Speaker
Description
We implemented a simplified time-bin BB84 quantum key distribution protocol with the purpose of achieving the highest possible secret key rate at short distances. The sender Alice emits signals at a rate of 2.5 GHz. In the key-generating basis, we use a superconducting nanowire single photon detector (SNSPD) with a novel design optimized for fast count rates. The in-house designed and fabricated NbTiN detector consists of 14 nanowires which are arranged in an interleaved pattern. Together with the in-house made readout electronics, the detector shows a jitter below 60 ps and simultaneously an efficiency of 64\% at a count rate of 320 Mcps, which represents the operating point of the detector for our shortest-distance key exchange. We performed real-time error correction with a low-density parity check algorithm implemented on a dedicated field-programmable gate array.
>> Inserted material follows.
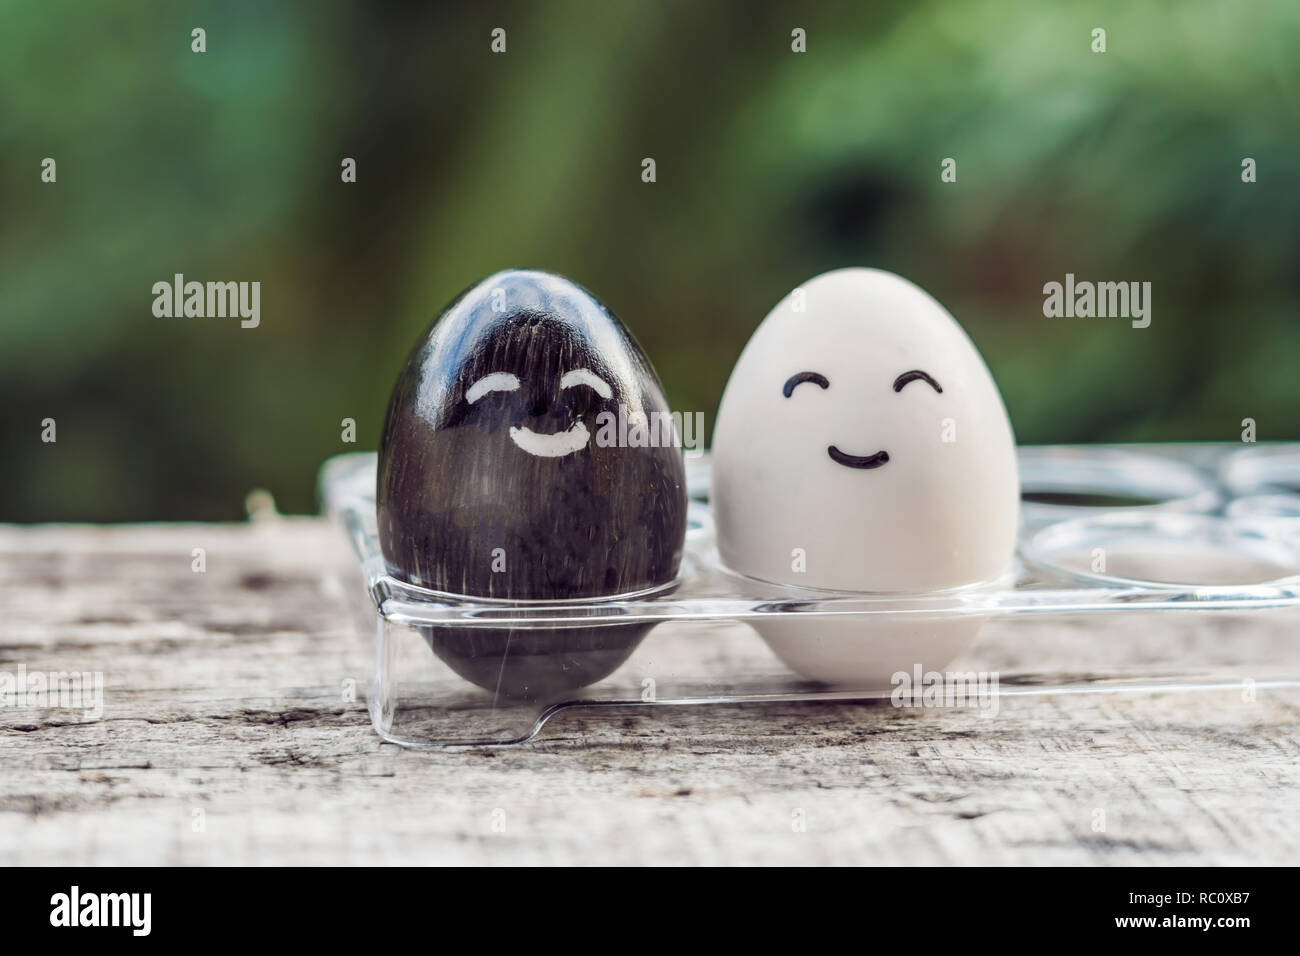 interracial marriage concept. Black and white egg as a pair of different races. Stock Photo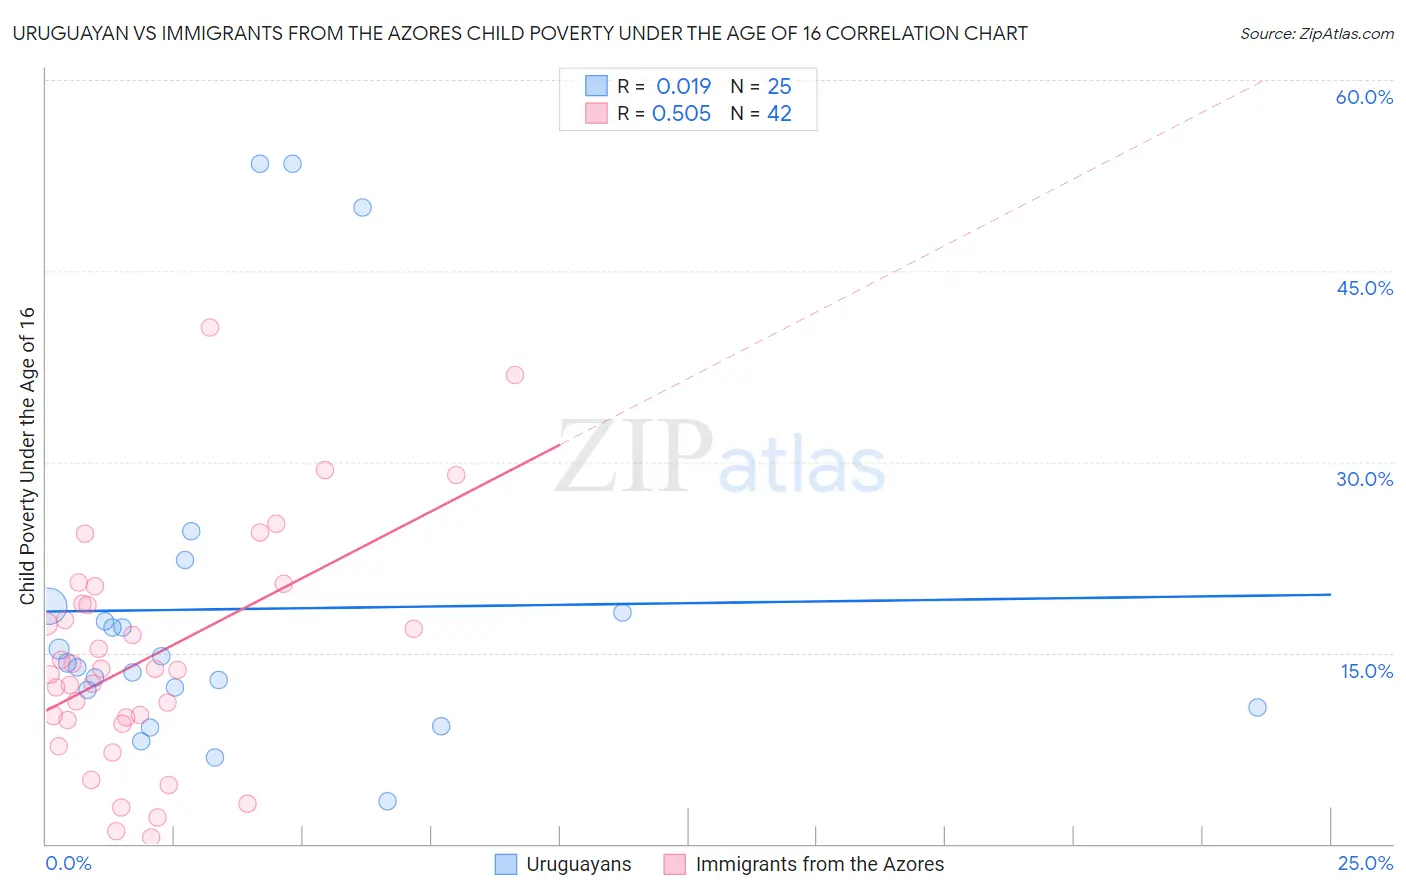 Uruguayan vs Immigrants from the Azores Child Poverty Under the Age of 16

This algorithm has a leakage of 17% at the highest quantum bit error rate found in our experiment, which was 0.4%. The privacy amplification was performed in real time on a consumer-grade GPU. We achieved a secret key rate of 64 Mbps over a distance of 10.0 km of ultra-low-loss (ULL) single-mode fiber (0.16 dB/km) and 3.0 Mbps over 102.4 km of ULL single-mode fiber . Additionally, we monitored the secret key rate over a longer time over 10.0 km ULL SMF, showing that the secret key rate can be maintained at a similar value for more than 1000 consecutive privacy amplification blocks.